Venus and Adonis (Quarto 1, 1592-3)

It shall be sparing, and too full of ryot,
Teaching decrepit age to tread the measures,
The staring ruffian shall it keepe in quiet,
1150Pluck down the rich, in rich the poore with treasures,
It shall be raging mad, and sillie milde,
Make the yoong old, the old become a childe.

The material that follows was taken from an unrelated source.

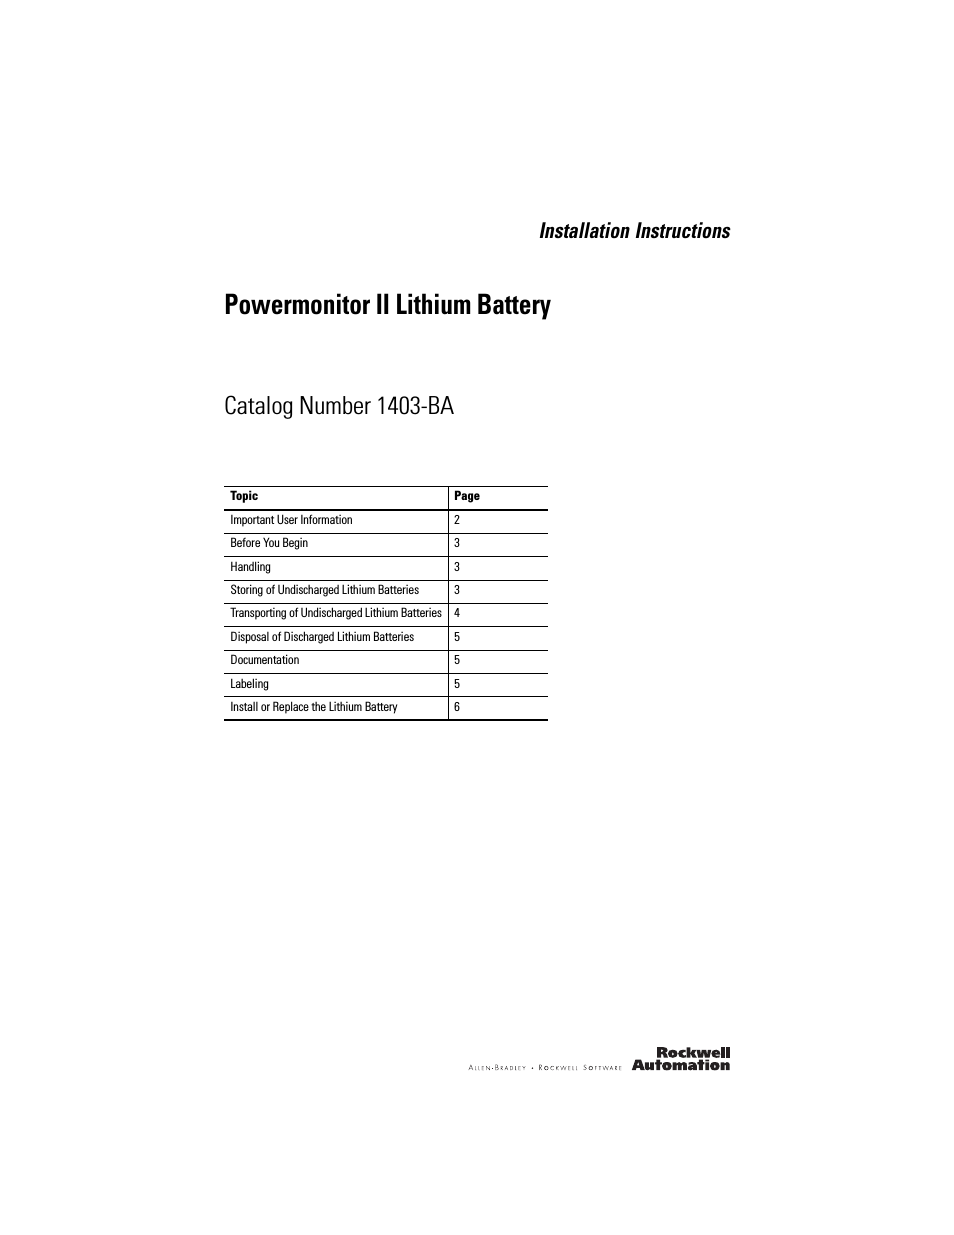 1403-BA Powermonitor II Lithium Battery Installation Instructions
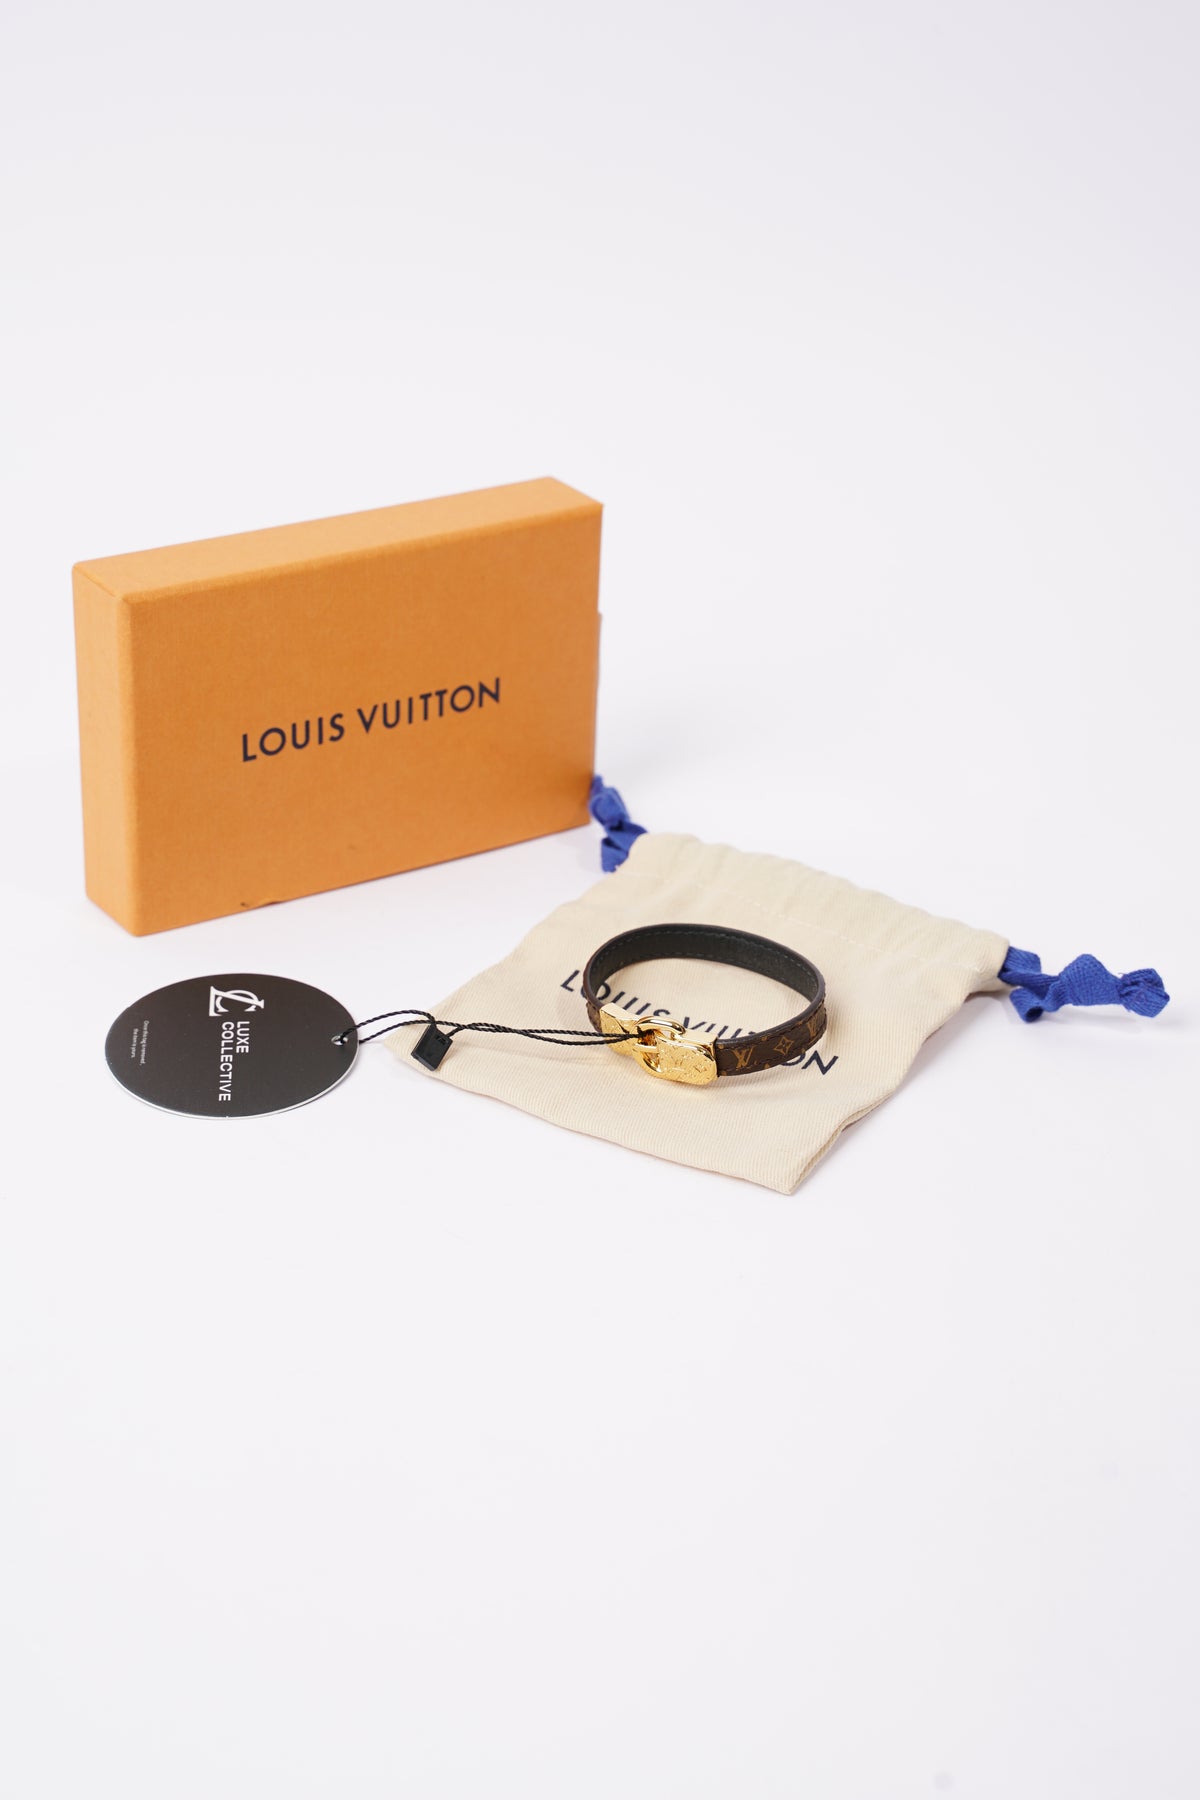 LOUIS VUITTON Monogram Fasten Your LV Bracelet 17 690098

It shall suspect where is no cause of feare,
It shall not feare where it should most mistrust,
1155It shall be mercifull, and too seueare,
And most deceiuing, when it seemes most iust,
Peruerse it shall be, where it showes most toward,
Put feare to valour, courage to the coward.
It shall be cause of warre, and dire euents,
1160And set dissention twixt the sonne, and sire,
Subiect, and seruill to all discontents:
As drie combustious matter is to fire,
Sith in his prime, death doth my loue destroy,
They that loue best, their loues shall not enioy.
1165By this the boy that by her side laie kild,
VVas melted like a vapour from her sight,
And in his blood that on the ground laie spild,
A purple floure sproong vp, checkred with white,
Resembling well his pale cheekes, and the blood,
1170VVhich in round drops, vpō their whitenesse stood.
She bowes her head, the new-sprong floure to smel,
Comparing it to her Adonis breath,
And saies within her bosome it shall dwell,
Since he himselfe is reft from her by death;
1175She crop's the stalke, and in the breach appeares,
Green-dropping sap, which she cōpares to teares.